Though soccer game results and team ranks are hard to predict, curious people
always want to figure out the keys to determine the game result for their own reasons.
Betting companies has to correctly, or as correctly as possible, predict the game results
and ranks since they have to design a series of odds that produce stable profit from
gamblers. Their methodology might be complex and various—from analyzing the
strength of two teams and the possible strategies of two coachs, to the choice of the
referee at the game day, the injury situation of two teams and both teams’ future
schedule, etc. Gamblers and sports fans want to predict the game results and ranks
correctly since gamblers want to predict correctly since gamblers want to earn money
from betting companies and gain pleasure from correctly predict their favorite club
winning the game and the seasonal championship. Restricted to the lack of information
and experience in the industry, they have to make prediction based on less parameters
such as general performance of two teams in this season(which can be easily obtained
from game table), historical game records and odds from betting companies.
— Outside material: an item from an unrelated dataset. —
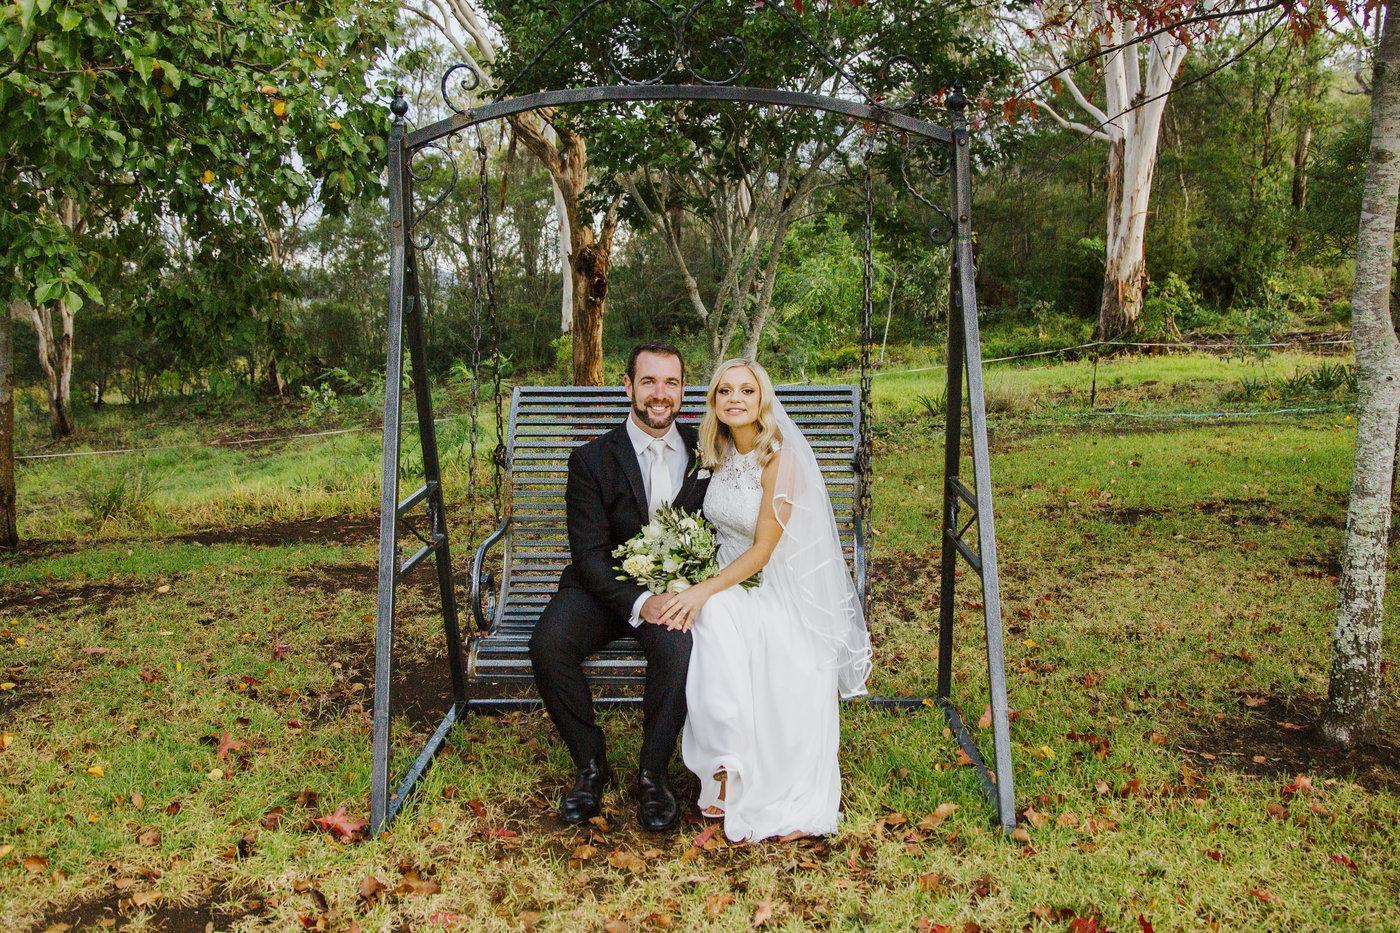 Wedding Photography couple on swing

As a statistician and a soccer fan, I mainly focus on predicting the game results
using statistical modeling techniques. I choose to predict the game results and the team
ranks in a very straight way—predicting the number of the goals for each team. The
reason I choose to predict the number of goals is that regardless what strategies that
coachs use or what types of the goals are, whenever a team achieve more goals than the
other, that team will win the game. Within each game result produced, I can easily
generate the results to make a final table contains team ranks and final points. The goal
of the project is to predict the final ranks and points of 2016-17 premier league season.
This goal will be achieved mainly in following steps:
(1) Data collection and re-organization in order to be used to construct prediction
models
(2) Several models will be evaluated and tested on 2015-16 season
(3) Select the one among those models
(4) Predictions will be made via the best model on selected in step(2)